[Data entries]
________________

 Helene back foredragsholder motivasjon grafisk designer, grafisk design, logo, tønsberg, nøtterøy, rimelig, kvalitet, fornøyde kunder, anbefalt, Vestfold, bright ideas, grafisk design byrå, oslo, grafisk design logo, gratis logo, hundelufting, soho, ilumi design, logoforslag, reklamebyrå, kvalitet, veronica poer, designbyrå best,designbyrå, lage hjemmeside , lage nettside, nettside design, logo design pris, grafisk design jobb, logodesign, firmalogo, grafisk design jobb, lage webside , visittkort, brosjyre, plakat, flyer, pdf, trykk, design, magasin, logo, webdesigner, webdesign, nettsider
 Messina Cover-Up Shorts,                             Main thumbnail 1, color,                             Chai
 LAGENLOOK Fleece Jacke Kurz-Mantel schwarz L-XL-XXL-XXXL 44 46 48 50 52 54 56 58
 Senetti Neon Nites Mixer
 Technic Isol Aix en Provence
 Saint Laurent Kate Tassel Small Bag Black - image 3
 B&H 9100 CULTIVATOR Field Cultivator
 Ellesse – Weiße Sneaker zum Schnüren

________________

Your instructions: Copy all of the data above, character for character.

Exercise result:
 Helene back foredragsholder motivasjon grafisk designer, grafisk design, logo, tønsberg, nøtterøy, rimelig, kvalitet, fornøyde kunder, anbefalt, Vestfold, bright ideas, grafisk design byrå, oslo, grafisk design logo, gratis logo, hundelufting, soho, ilumi design, logoforslag, reklamebyrå, kvalitet, veronica poer, designbyrå best,designbyrå, lage hjemmeside , lage nettside, nettside design, logo design pris, grafisk design jobb, logodesign, firmalogo, grafisk design jobb, lage webside , visittkort, brosjyre, plakat, flyer, pdf, trykk, design, magasin, logo, webdesigner, webdesign, nettsider
 Messina Cover-Up Shorts,                             Main thumbnail 1, color,                             Chai
 LAGENLOOK Fleece Jacke Kurz-Mantel schwarz L-XL-XXL-XXXL 44 46 48 50 52 54 56 58
 Senetti Neon Nites Mixer
 Technic Isol Aix en Provence
 Saint Laurent Kate Tassel Small Bag Black - image 3
 B&H 9100 CULTIVATOR Field Cultivator
 Ellesse – Weiße Sneaker zum Schnüren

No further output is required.